━━━━━ EXERCISE DATA ━━━━━

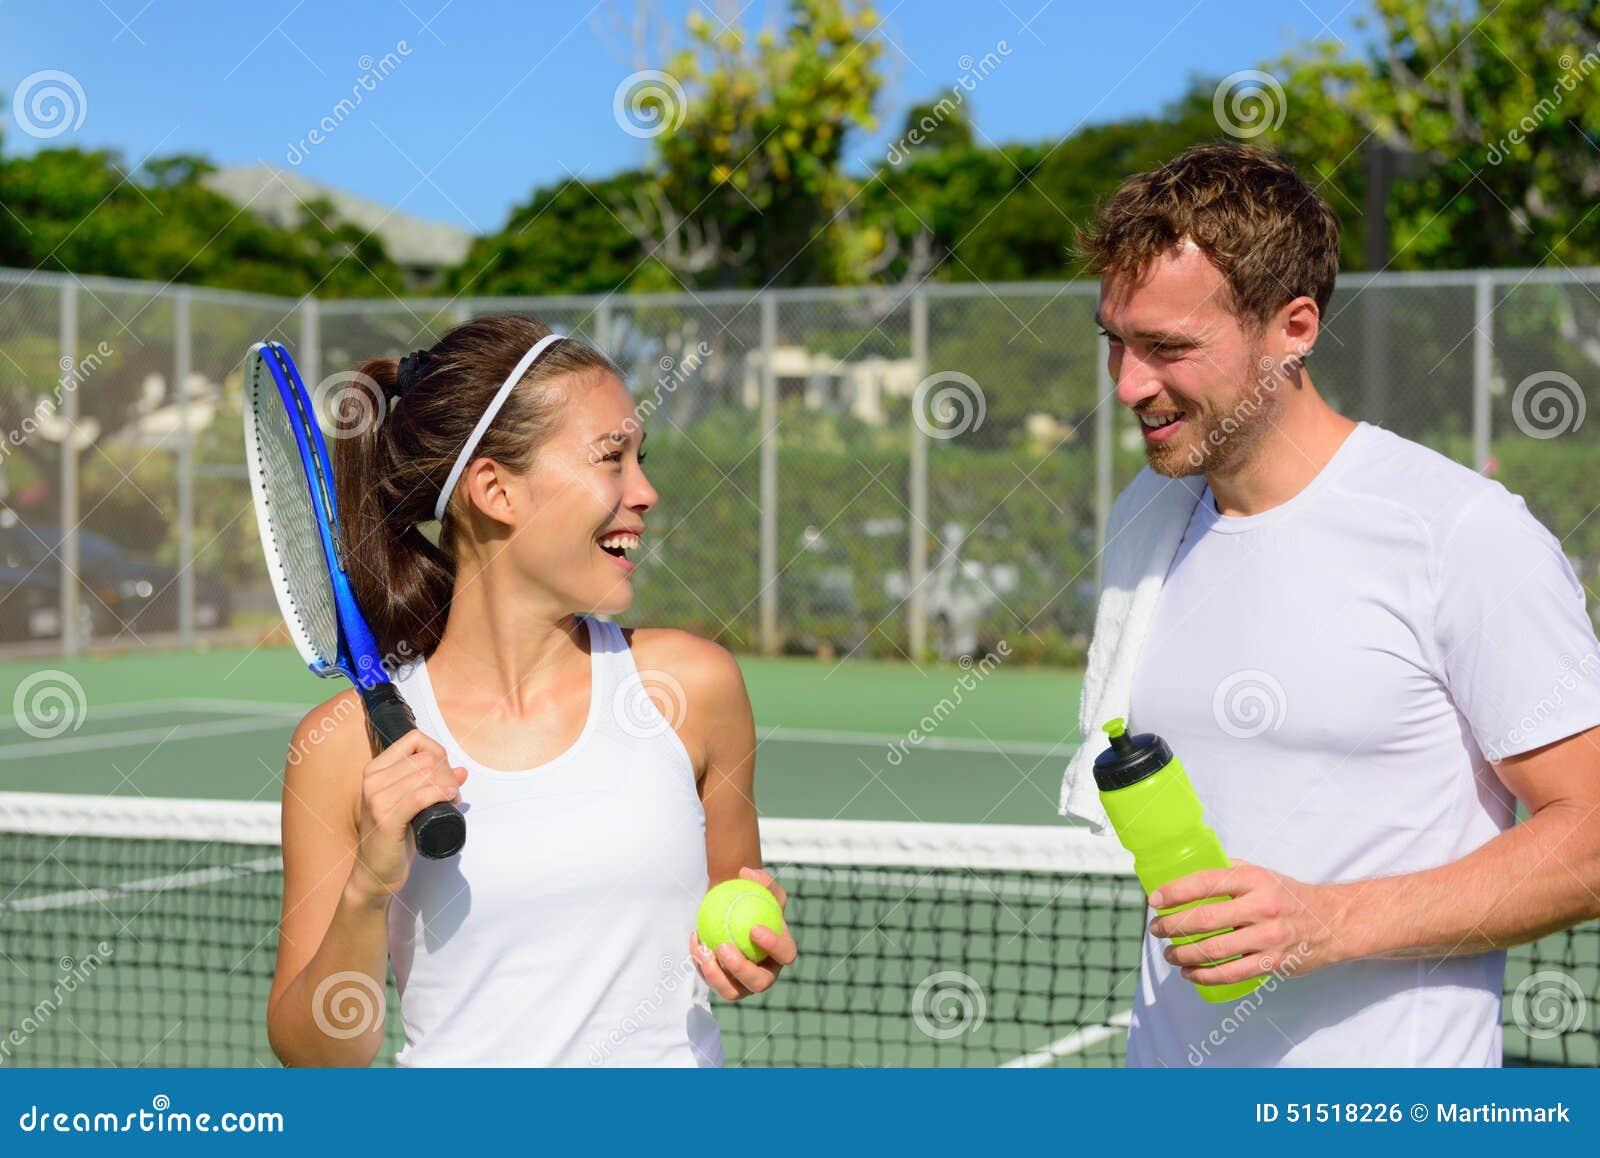 拳击网球-在打体育比赛以后放松结合外面在夏天室外网球场居住的a拳击真实网球2奎迪bug图片
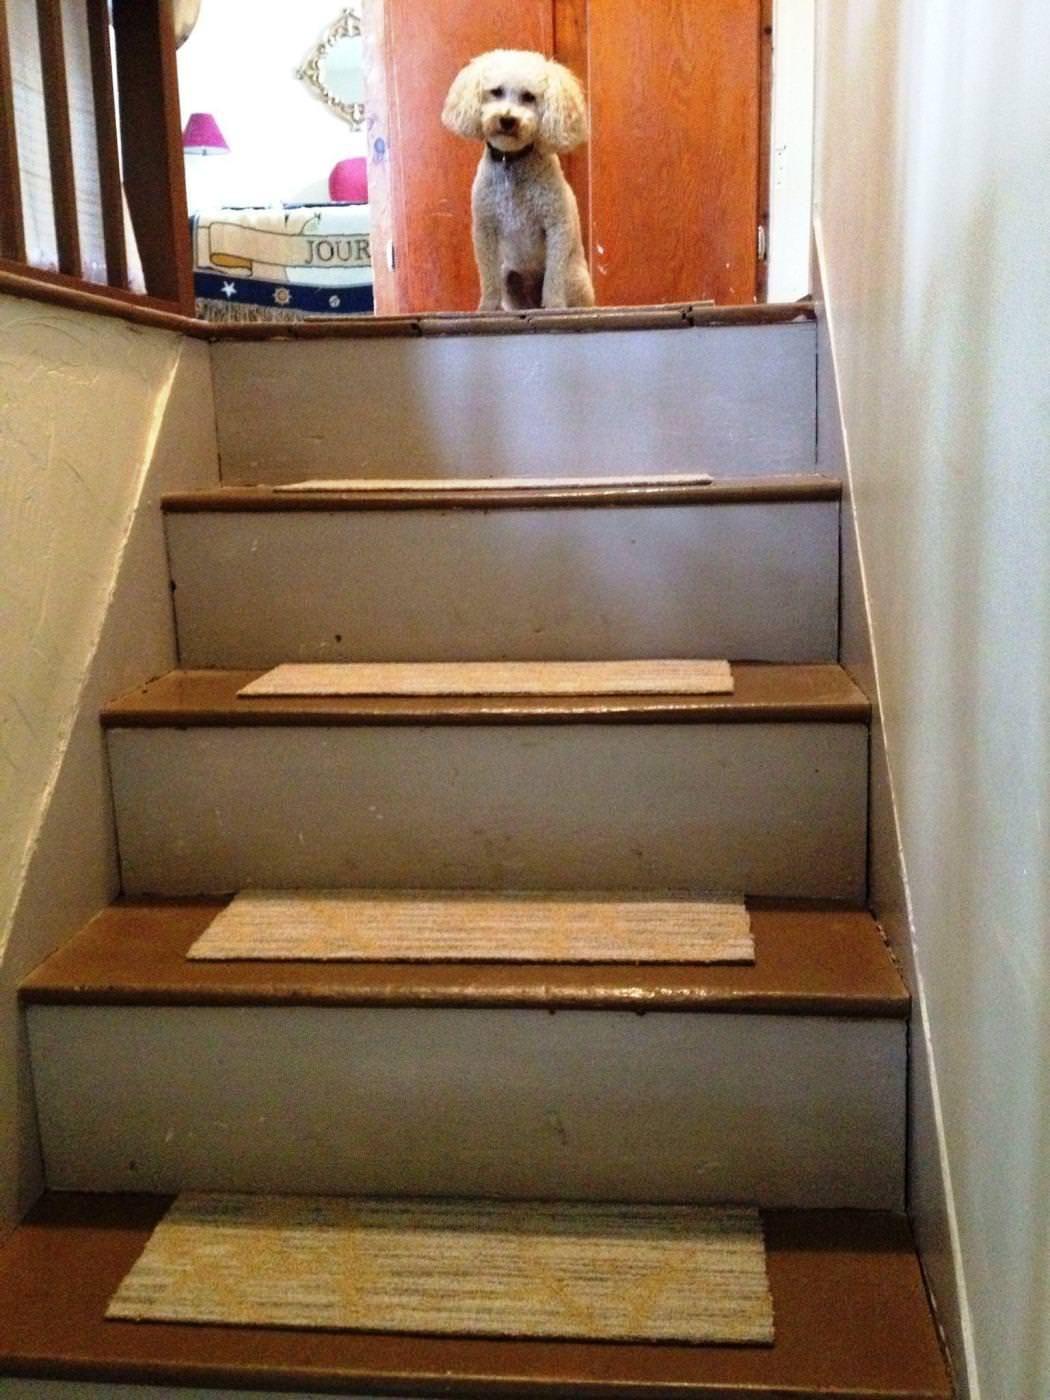 Peel And Stick Carpet Tiles For Stairs Tile Stairs Carpet Tiles   Stick On Carpet For Stairs   Rugs   Flooring   Carpet Tiles   Stair Runner   Anti Slip
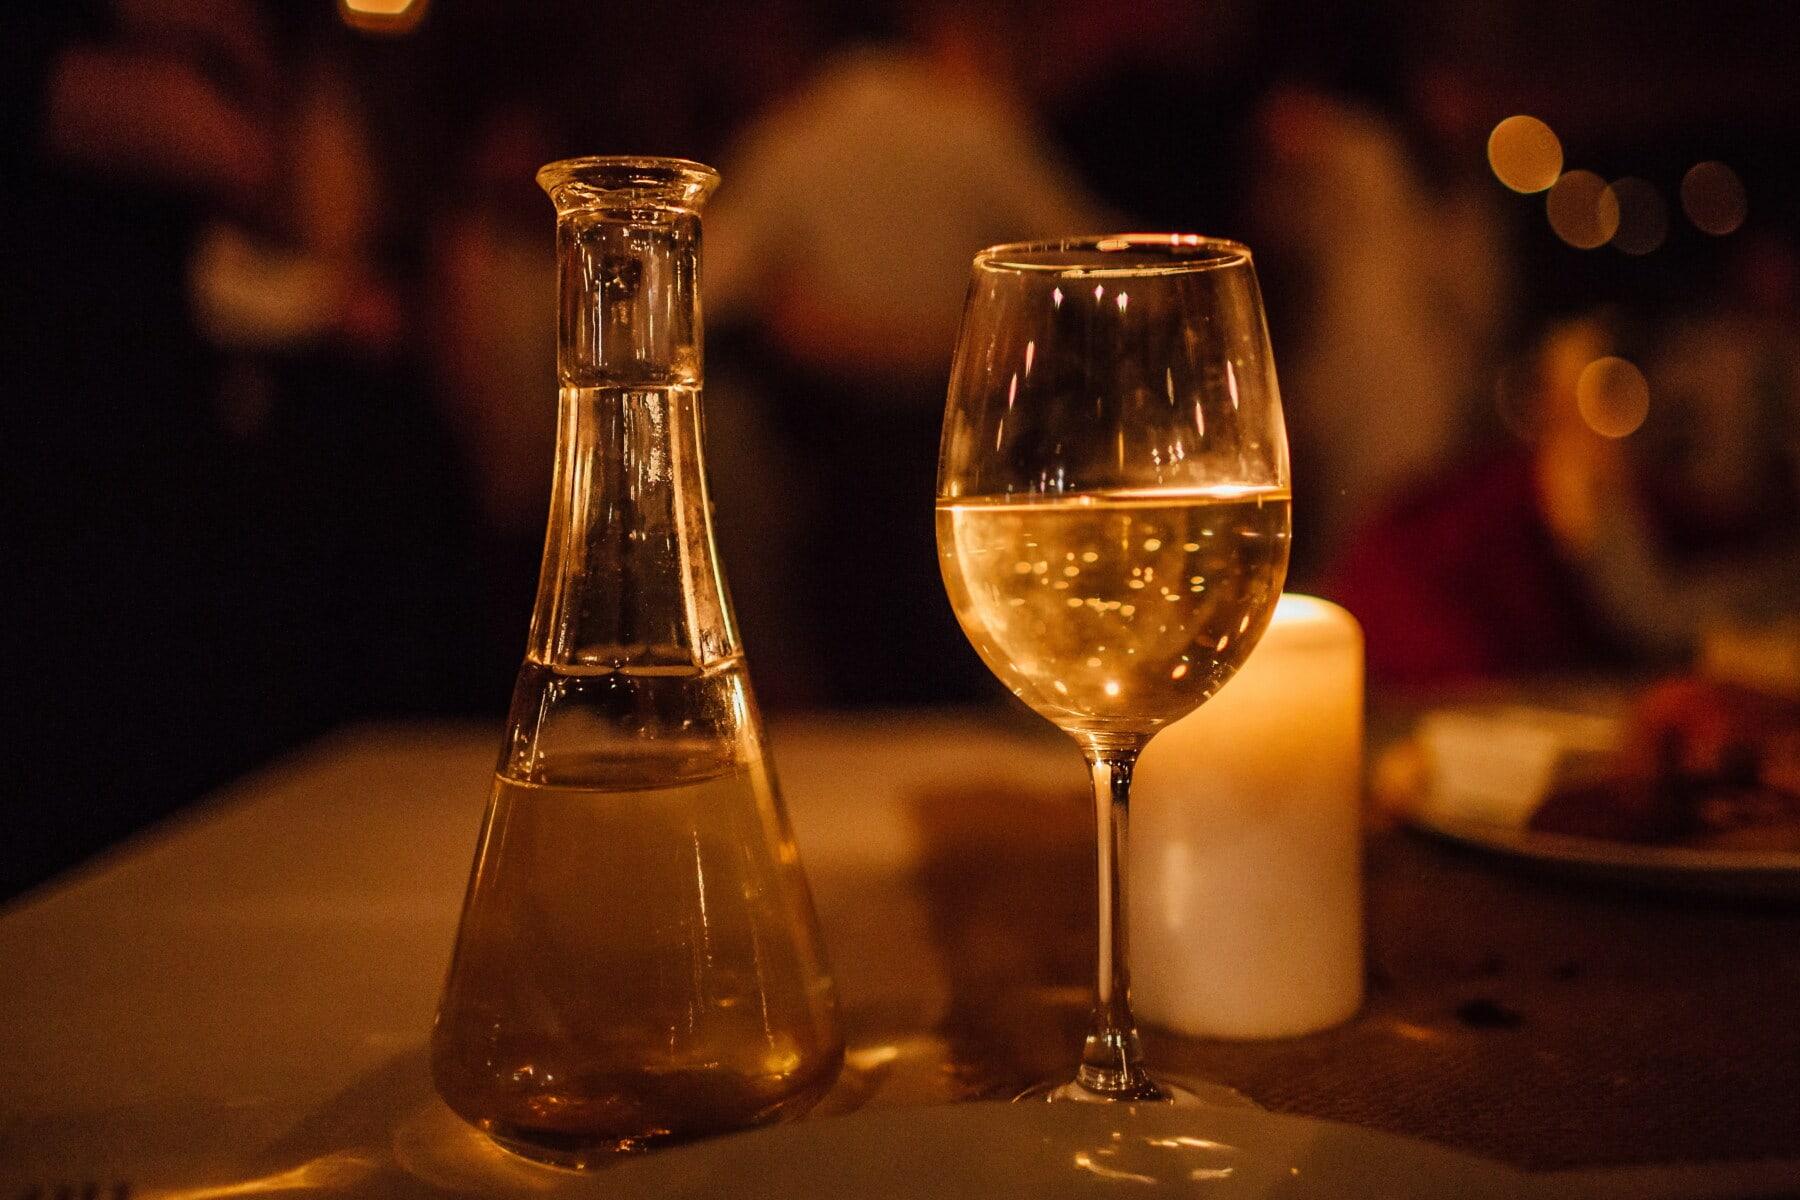 white wine, bottle, nightlife, vintage, alcohol, drink, candles, candlestick, wine, beverage
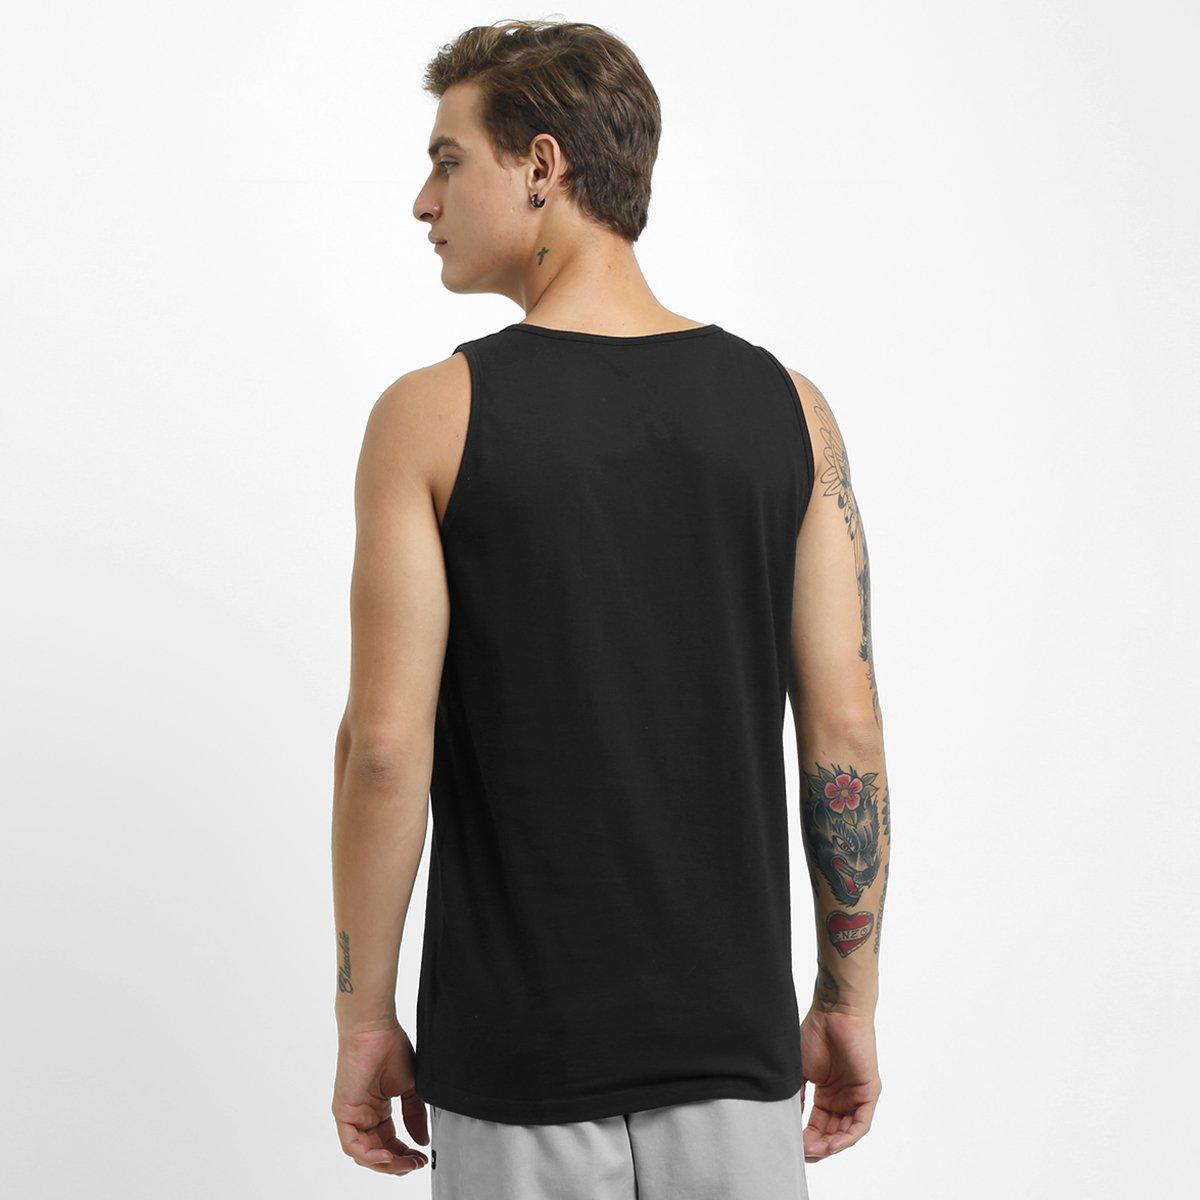 Camiseta Regata Oakley Mas Essential Square O - Compre Agora  493a4c45598

━━━━━

Restate the whole listing above exactly, please, omitting every image.

 拳击网球-在打体育比赛以后放松结合外面在夏天室外网球场居住的a拳击真实网球2奎迪bug图片
 Peel And Stick Carpet Tiles For Stairs Tile Stairs Carpet Tiles   Stick On Carpet For Stairs   Rugs   Flooring   Carpet Tiles   Stair Runner   Anti Slip
 white wine, bottle, nightlife, vintage, alcohol, drink, candles, candlestick, wine, beverage
 Camiseta Regata Oakley Mas Essential Square O - Compre Agora  493a4c45598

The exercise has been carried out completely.